◆ What is being asked ◆
What you give back from the listing below should be an exact copy of the lines from the one with "ProForm 831.29605.0 user" down to the one with "happy planet collection slim banner", and it should contain no pictures.

◆ Exercise data ◆
========

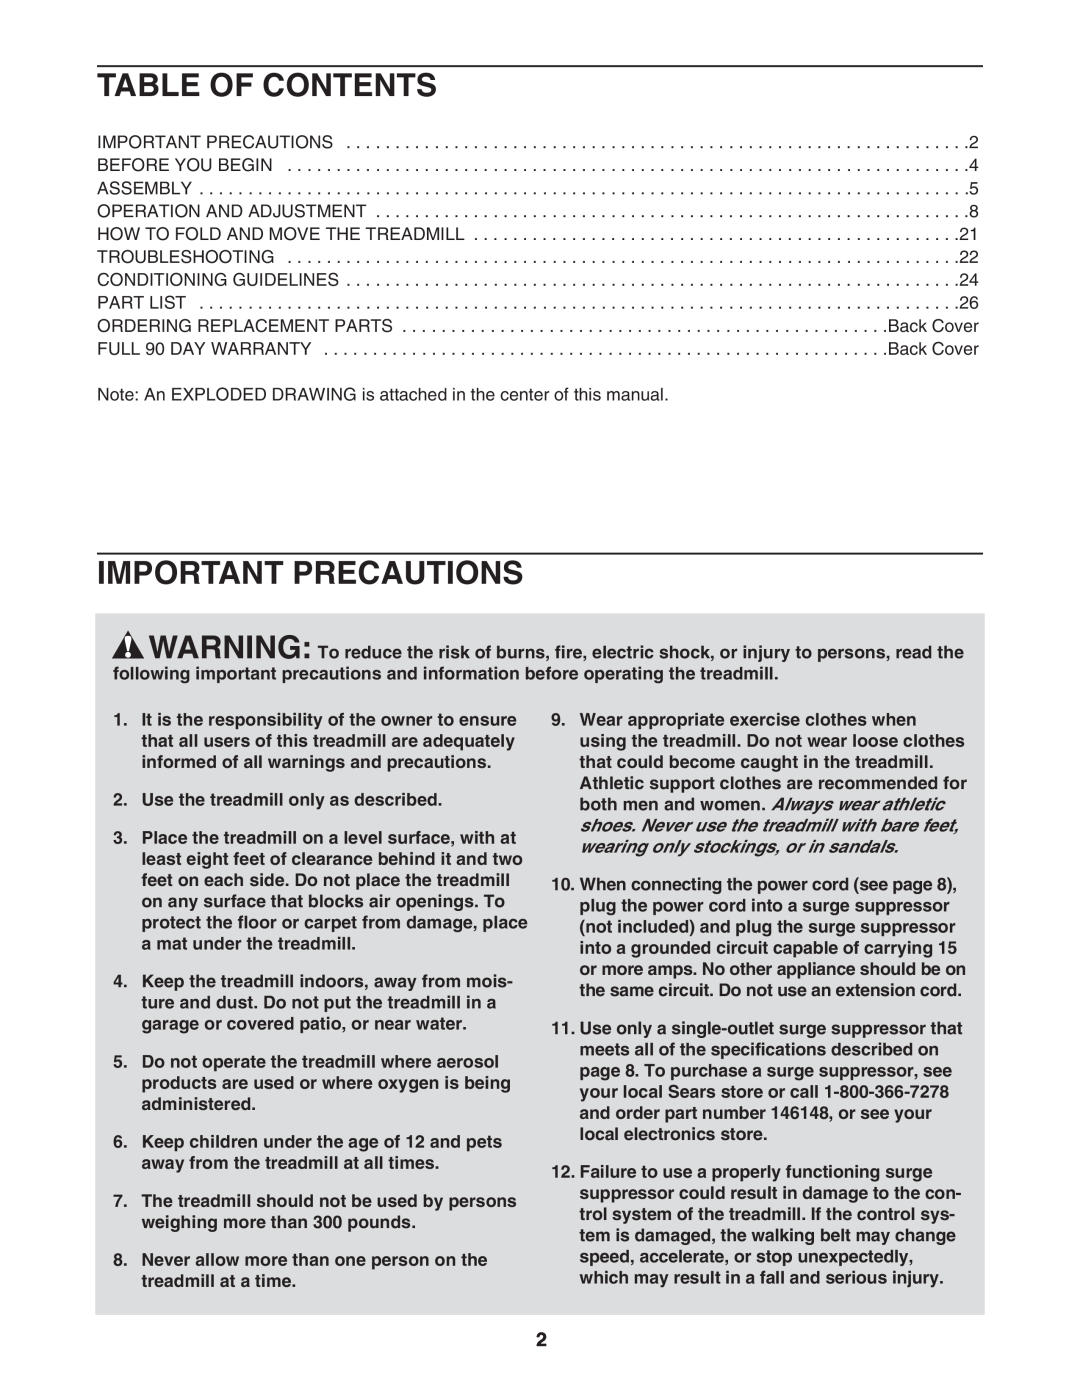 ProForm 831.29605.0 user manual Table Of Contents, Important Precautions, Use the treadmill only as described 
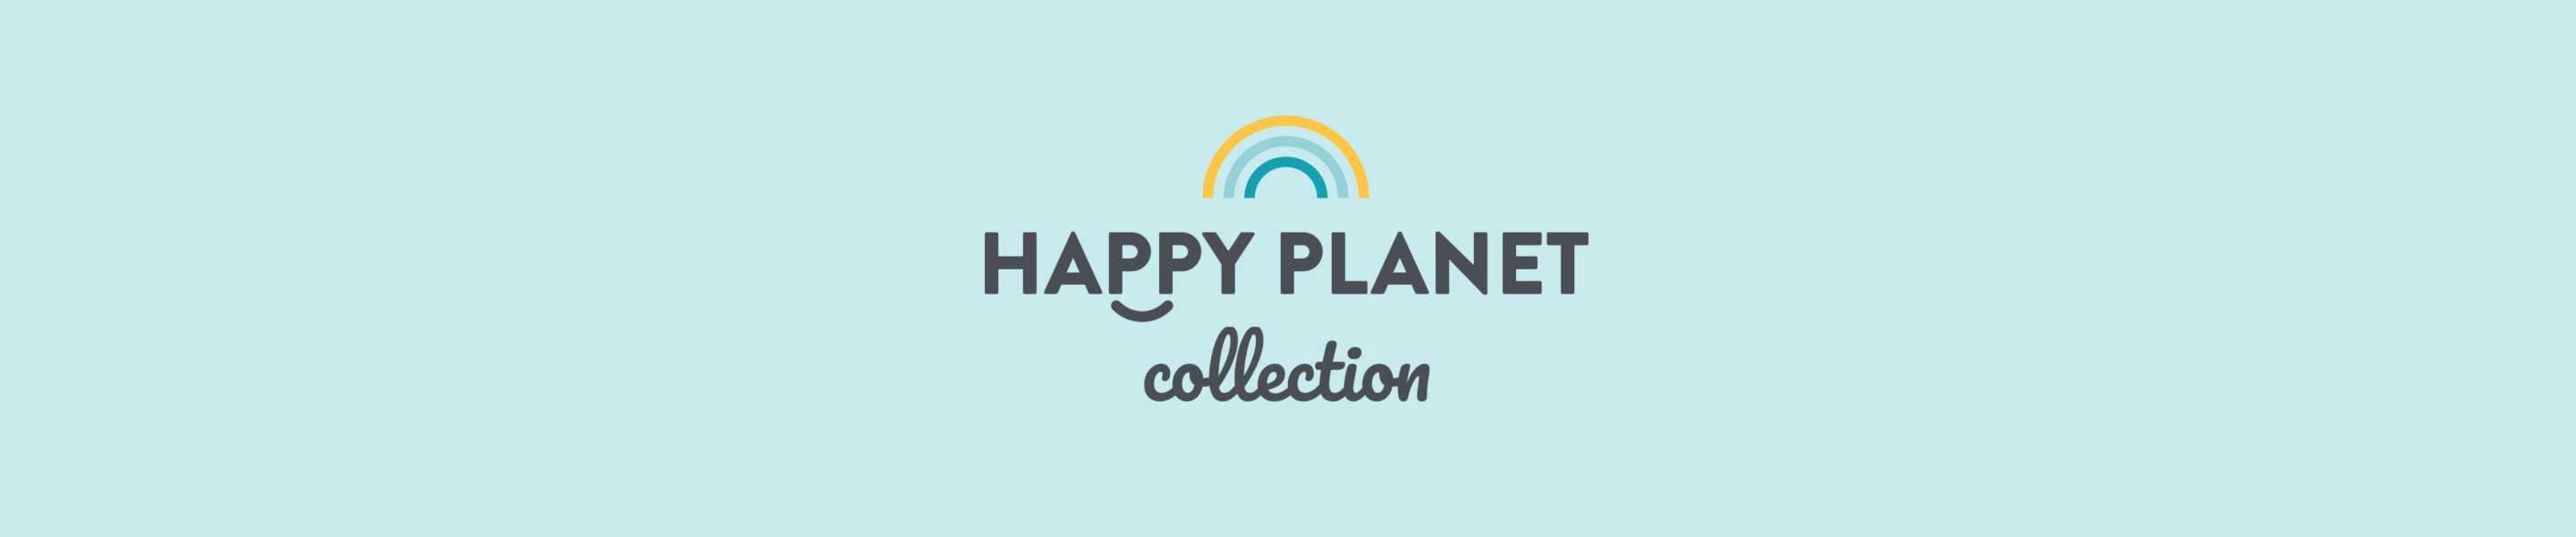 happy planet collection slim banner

========

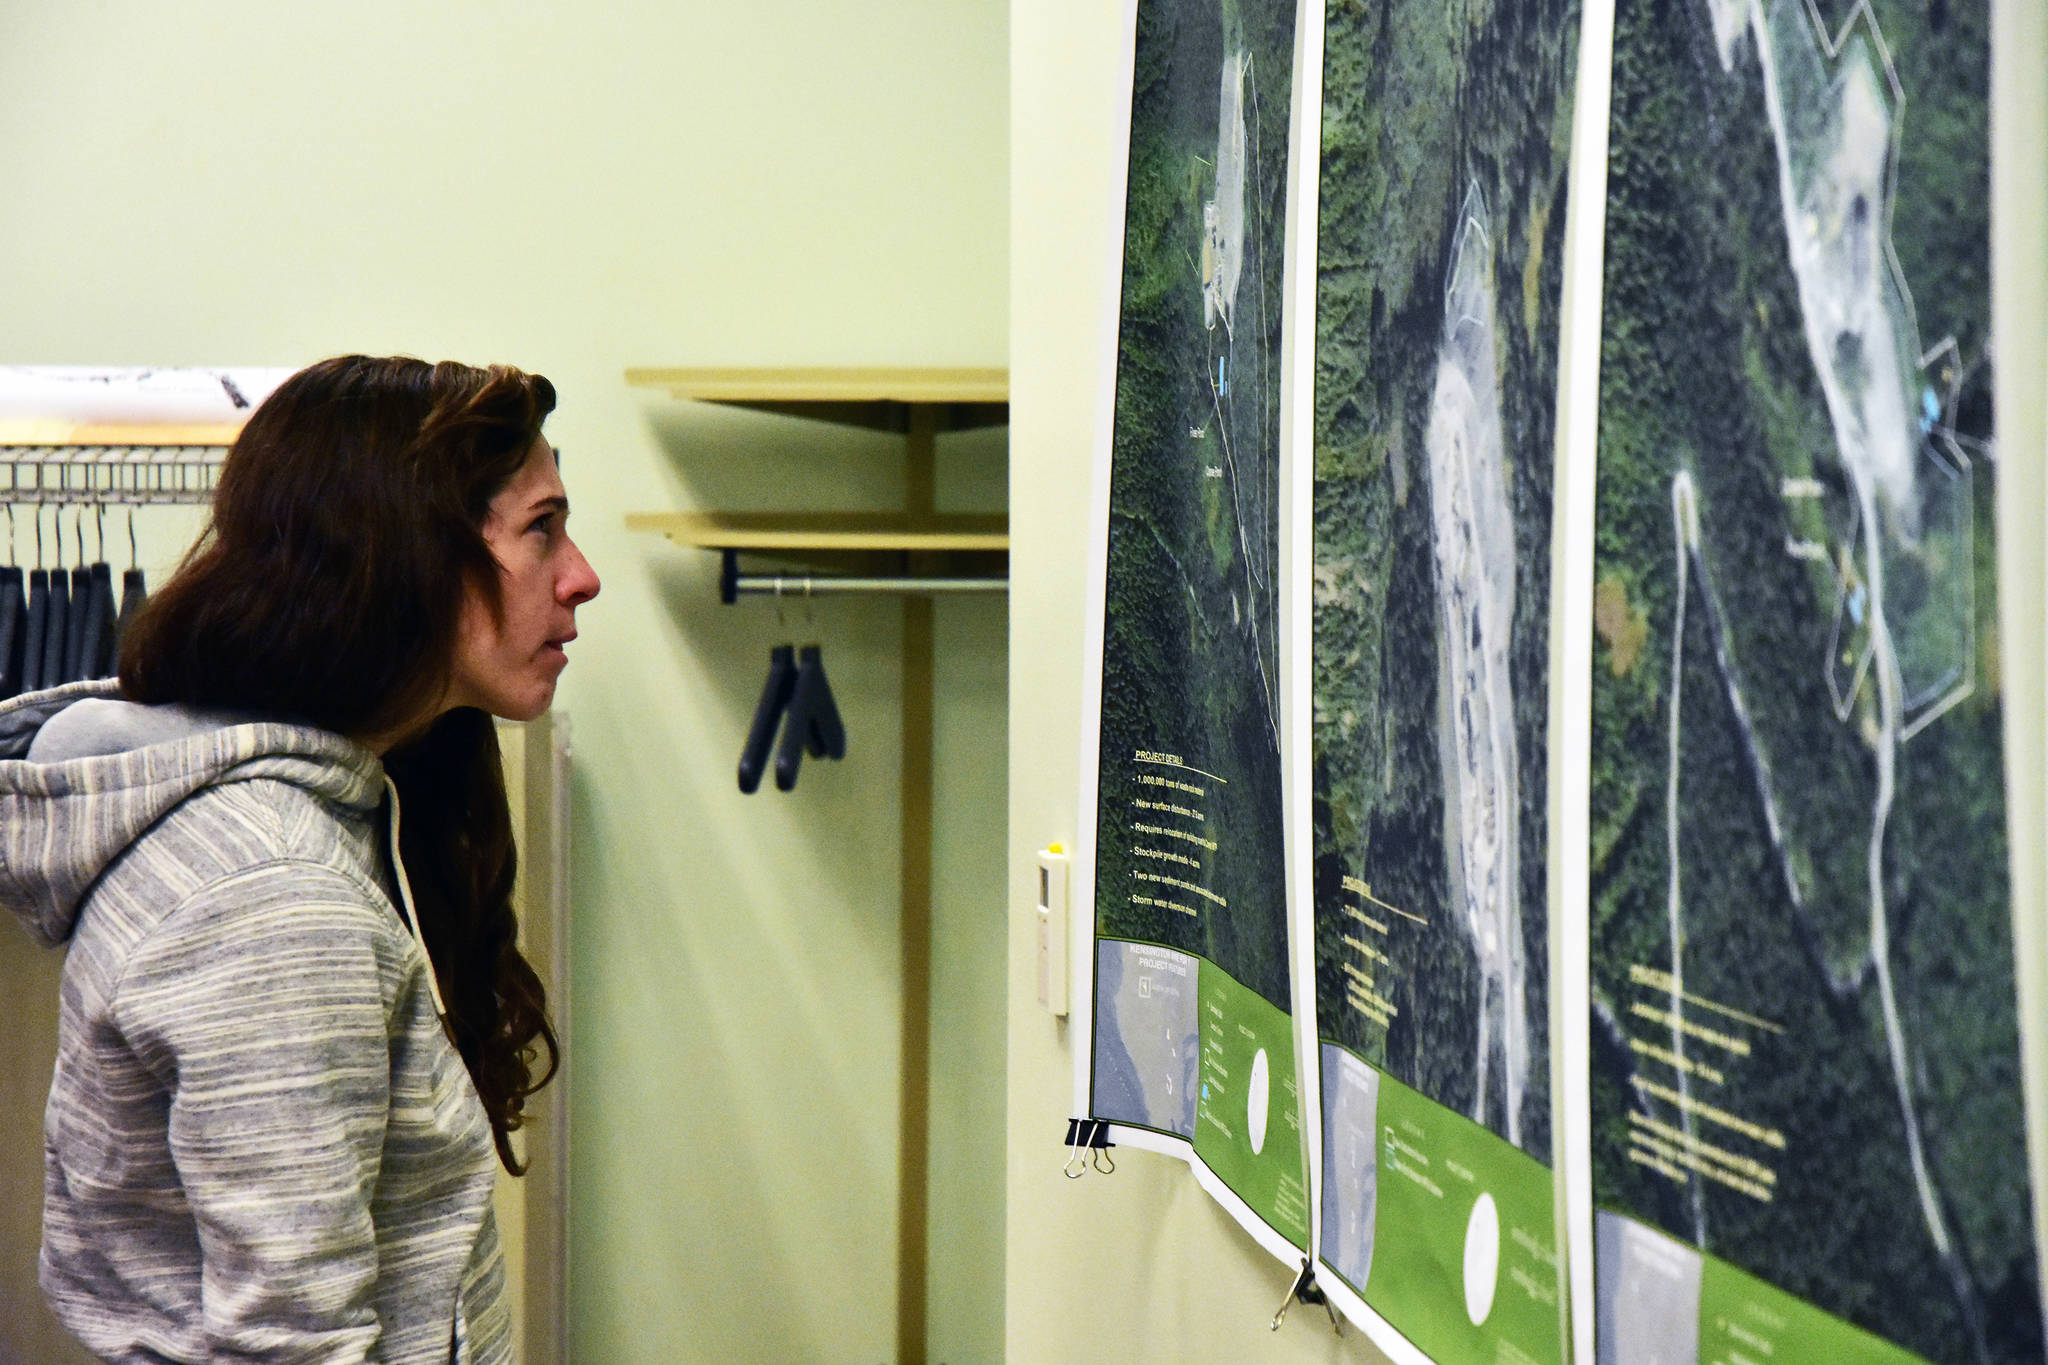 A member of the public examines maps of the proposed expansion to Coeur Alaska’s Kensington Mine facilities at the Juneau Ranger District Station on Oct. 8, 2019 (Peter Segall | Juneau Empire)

========

◆ Result of this exercise ◆
 ProForm 831.29605.0 user manual Table Of Contents, Important Precautions, Use the treadmill only as described 
 happy planet collection slim banner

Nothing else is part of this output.